As of Friday afternoon, 35-year-old McKinnon, suffering from severe ADHD, was detained at a federal facility in Oklahoma that served as a transfer site for prisoners.

His mother said he had a hard time acclimatizing to a noisy and chaotic detention facility after spending a long time in a cell.

“I’m surprised he’s working,” Prevost said.

During their call on Wednesday, Prevost told her son that the relocation of the prison might mean that he would not be prosecuted for the murder of Balger.

“He said,’Mom, I don’t want to talk about it,'” Prevost said. “I’m glad he went out.”

McKinnon, who has been sentenced to seven years in prison, will be released from prison in July 2022.He was previously on NBC News I don’t know anything about the murder of Bulger..

Decologero, 47, has been sentenced to 25 years in prison for extortion and tampering with witnesses, with five years remaining. As of Friday afternoon, he was in custody in a federal prison in Atlanta.

Efforts to reach the Decologero family were unsuccessful.

The prison bureau did not respond to requests for comment in time for the announcement.
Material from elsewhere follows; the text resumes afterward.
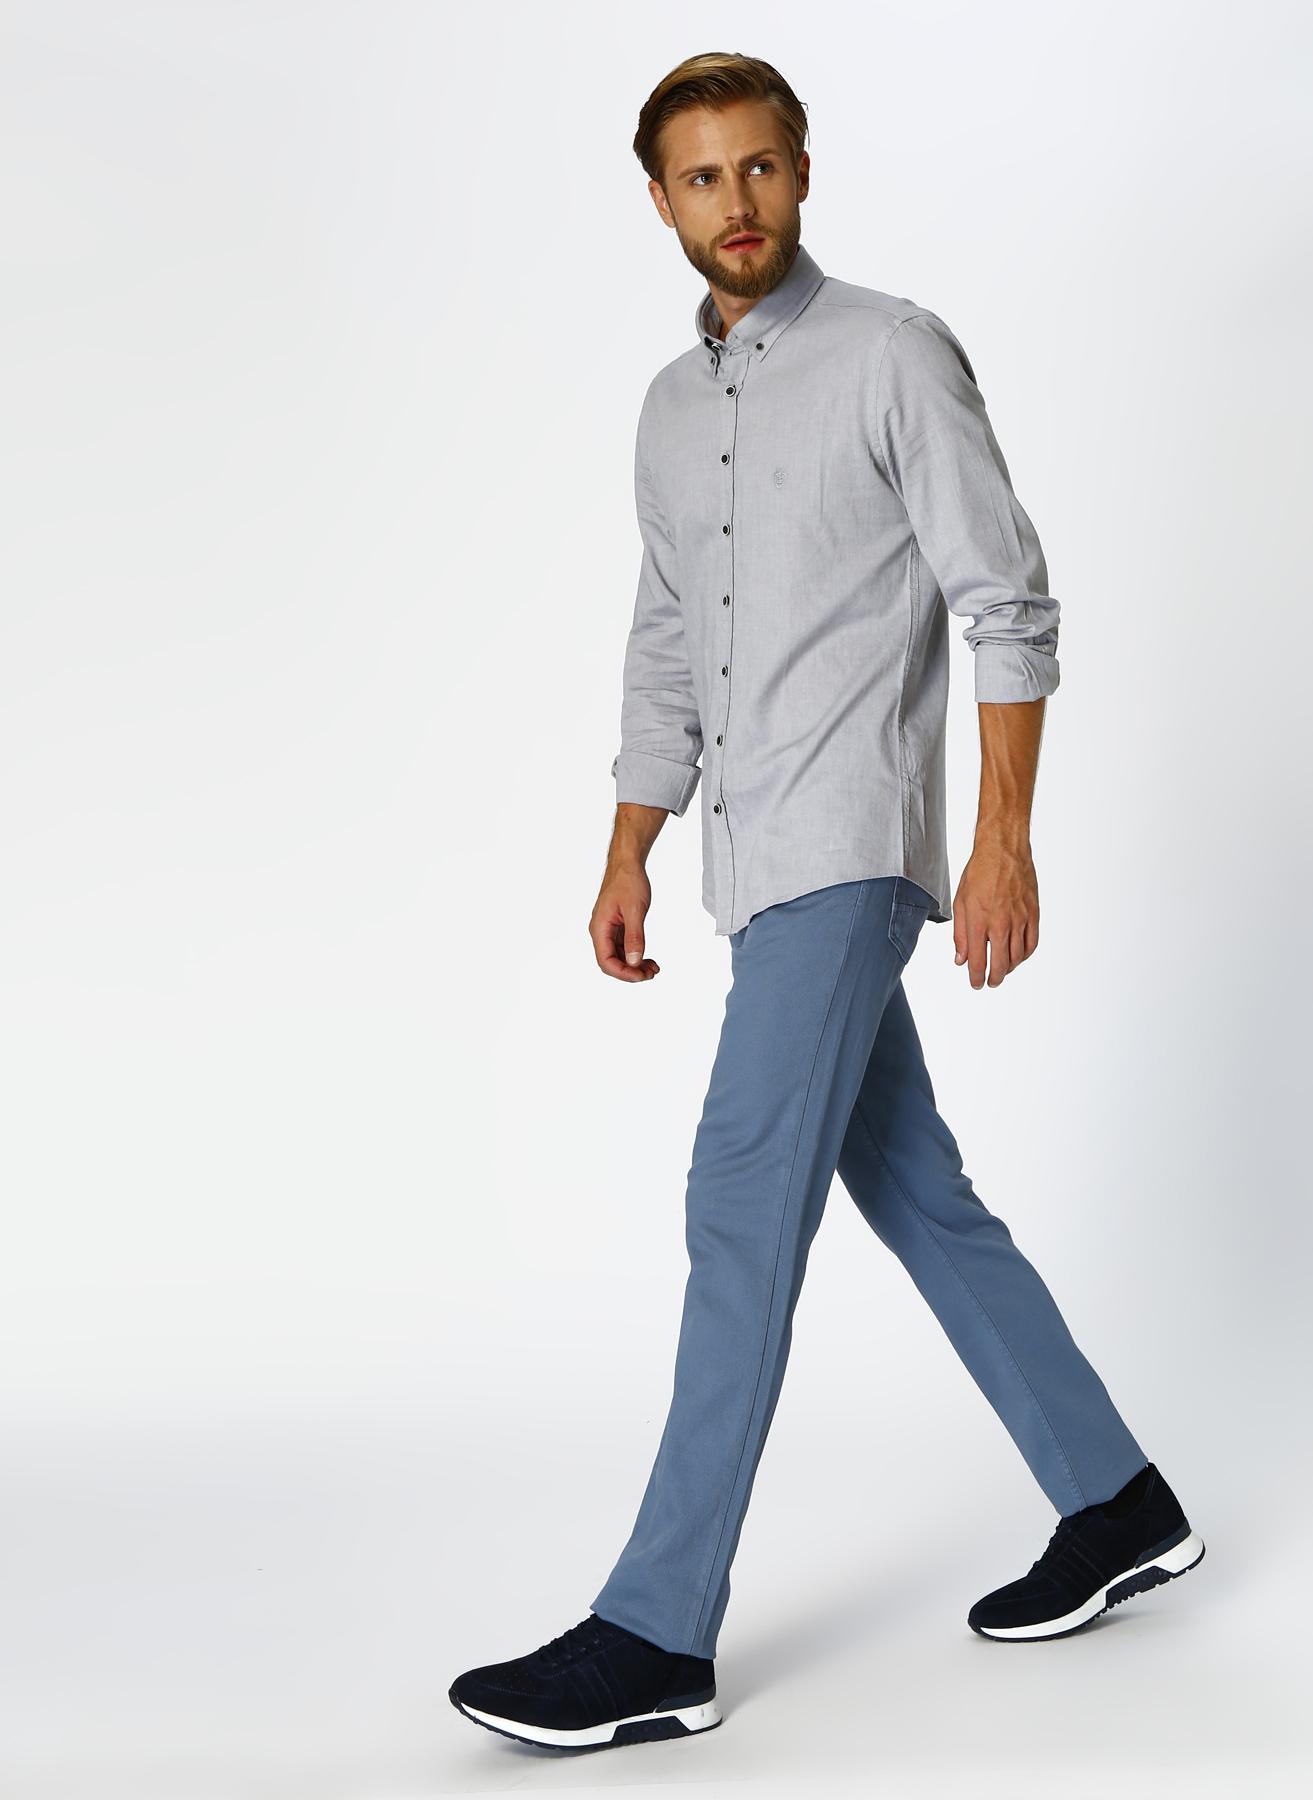 George Hogg Casual Mavi Klasik Pantolon 31-33 5002303387001 Ürün Resmi

A spokesperson for the Federal Attorney’s Office for the Northern District of West Virginia said there was no new information to provide.

Gesh, 54, has been sentenced to life imprisonment for several violent crimes, including two gang-grand murders.

A fourth prisoner, a man in northern New York who shared a cell with Balger on the eve of the murder, was put in a cell for more than five months before being released to state detention in 2019.

Image: Former mob boss and fugitive James

Image: Former mob boss and fugitive James

Bulger, Boston Irish Mafia LeaderHe ran for 16 years before being captured in Santa Monica, California in 2011. He was sentenced to life imprisonment in 2013.

An elderly wheelchair gang was transferred from a federal prison in Florida and killed within 12 hours of arriving in a prison in West Virginia. The decision to transfer the bulger to the infamous violent prison and place him with the general public Collected criticism from former jailers and other former prison officials..

It also raises doubts about the slow pace of investigations into the Bulger murder case.

Bob Hood, a former Federal Bureau of Prison Director and former observer at ADX Florence’s “Supermax” prison in Colorado, said it would be difficult to reach a firm conclusion on the decision to relocate McKinnon and Decologero. Mr Hood said there were some aspects of the case that he did not yet understand.

Why were they stored in isolated housing units for so long? Why haven’t we been prosecuted for nearly three years in such a high-profile case?

“I’m stunned by all this,” Hood said.

The most important question for Hood is not who killed the bulger, but how the prison bureau made it possible.

“You may not know who killed him physically, but what we know is that the system killed him,” Hood said.